Mood Reader- Slumper
I love reading, but I am a mood reader or better yet, a slumper. I fall out of love so quickly when a book does not capture my attention within the first three chapters. It becomes a soul snatching event and feels a chore to read when I dislike the book. I know many people would say maybe it is ADHD, but I can assure you it is not.
I used to be a self proclaimed, thriller/mystery reader only. Then I got caught in a stagnant space. All of my mystery/thriller reads became the same, predictable, drawn out, similar plots. I became withdrawn from even thinking about reading because my one interest genre began burning me out. It is hard enough that social media such as TikTok absorbs so much of my energy, and THEN I was now in a slump. You could not tell me things could get worse. I stopped reading for months, almost a year, because I was so stuck on only reading mysteries. I shut down any other genres, picked them apart little by little, until I stopped caring. After realizing my reading hobby was vanishing permanently, I had to shake something up.

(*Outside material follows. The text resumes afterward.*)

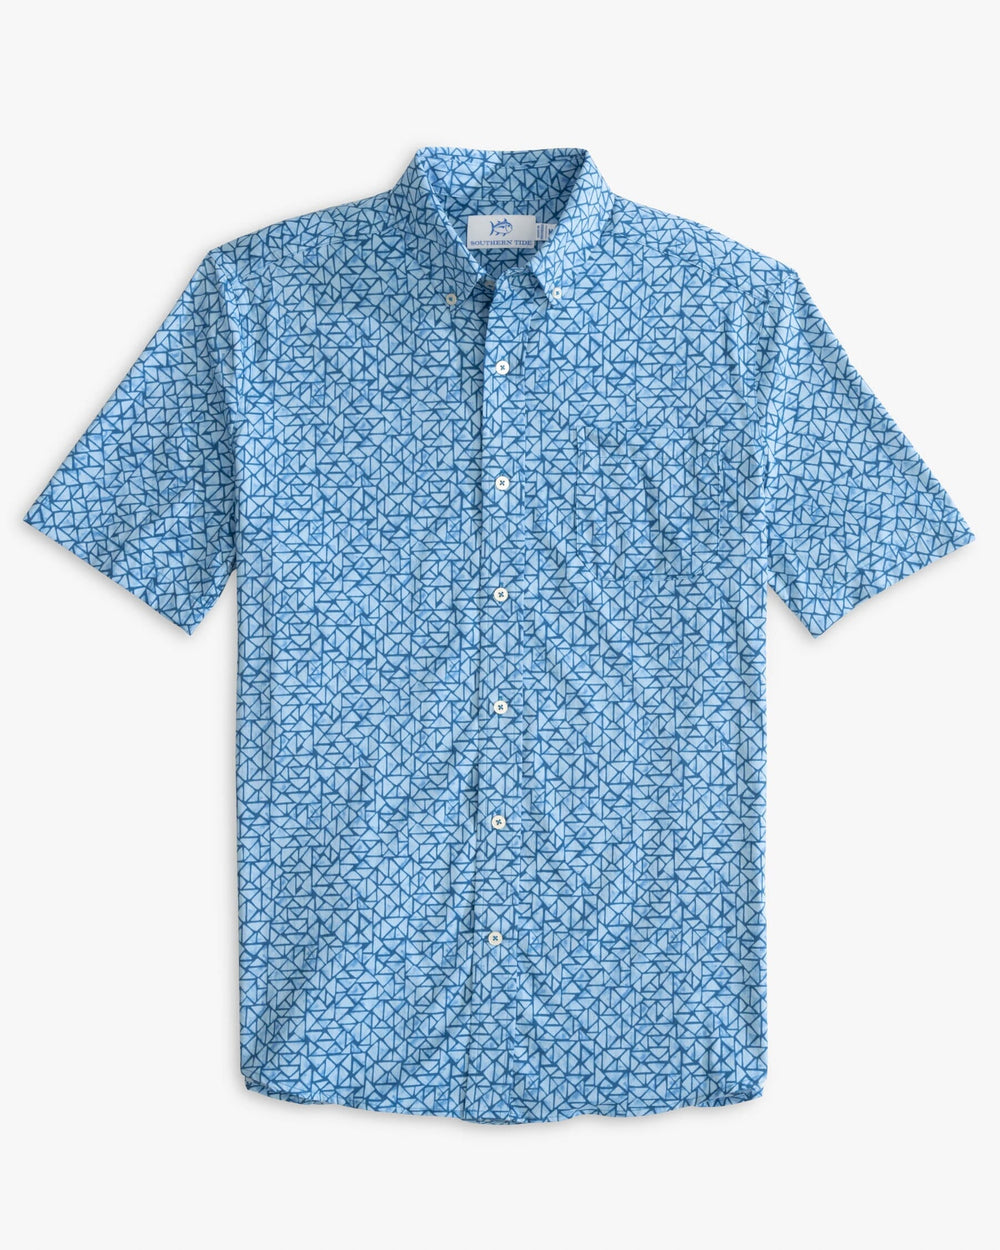 The front view of the Southern Tide Saturday Soiree Intercoastal Short Sleeve Button Down Shirt by Southern Tide - Atlantic Blue
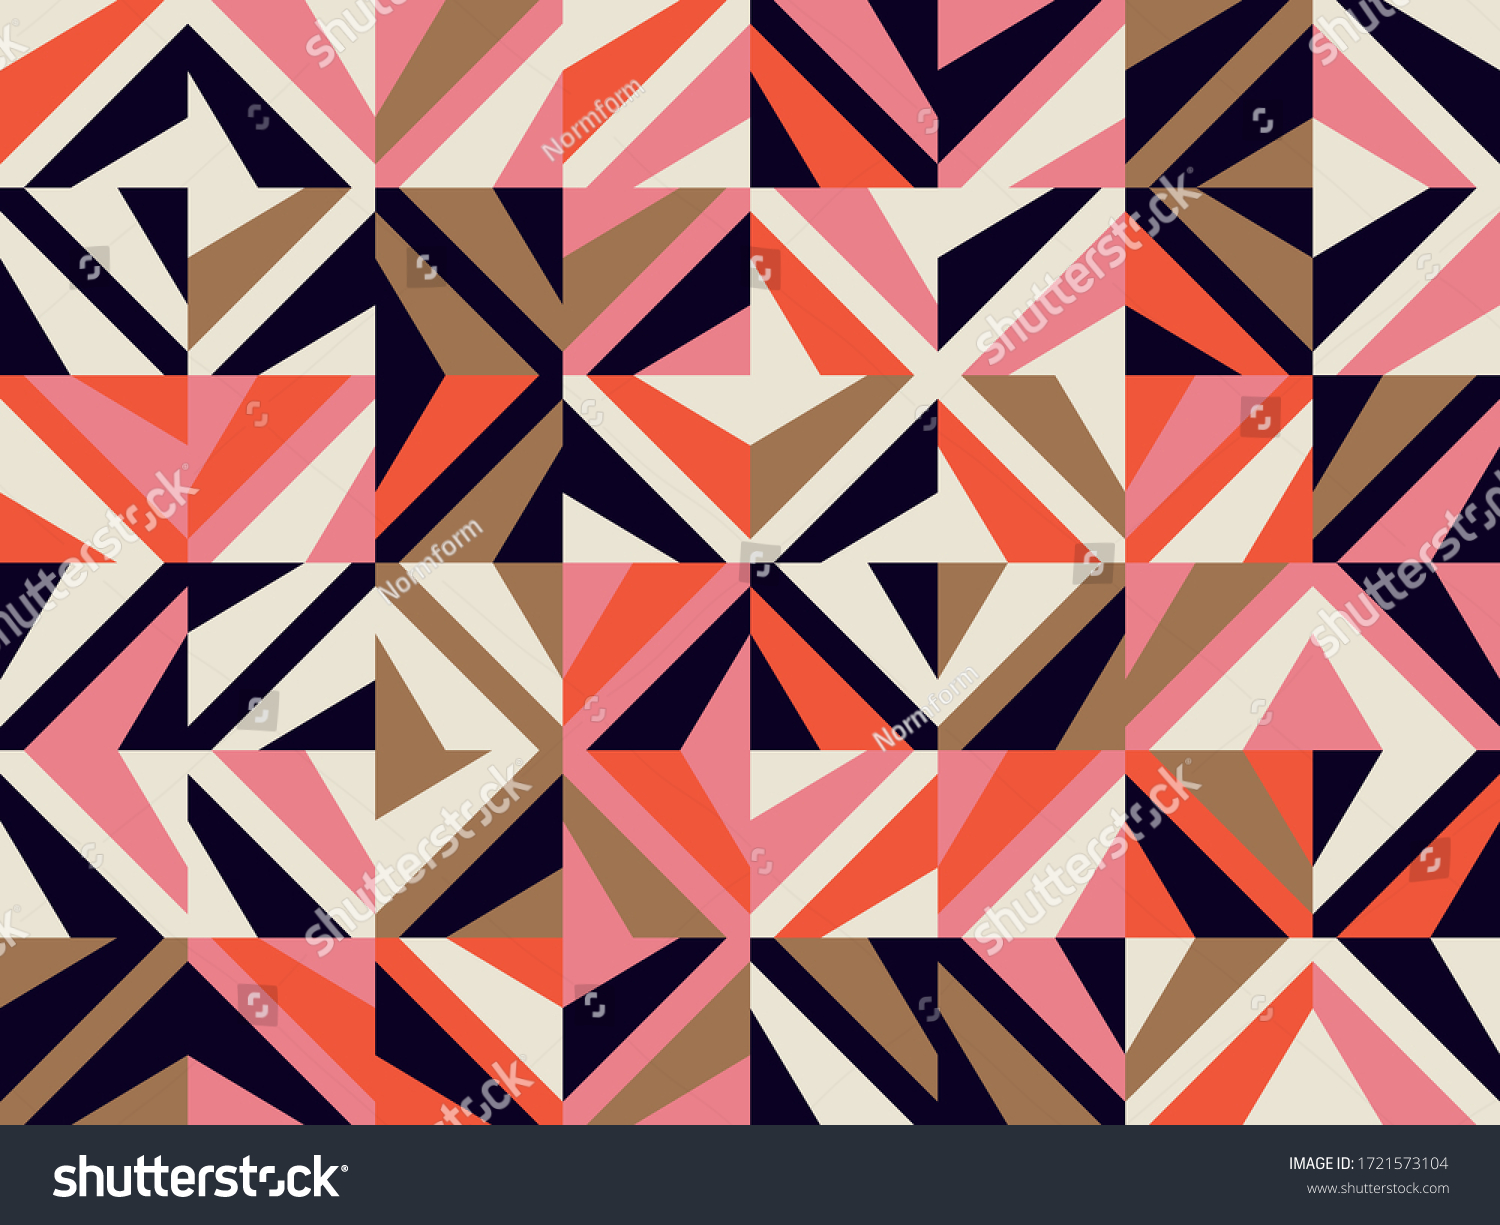 Mid-century geometric abstract pattern with simple shapes and beautiful color palette. Simple geometric pattern composition, best use in web design, business card, invitation, poster, textile print. #1721573104

I really started using my Kindle and utilizing Libby only. I cancelled my Kindle Unlimited subscriptions months prior, so I told myself to only rely on the library. Relying on Libby saved me money, time, and so much energy. Due to Libby having wait times on books, when I did get them, I quickly utilized my days. I was reading so fast and fell back in love. I still stayed with mysteries/thrillers but more into the YA category. I now read romance novels, short stories, self-help, and so much more. I have not tried historical fiction or fantasy yet, but baby steps.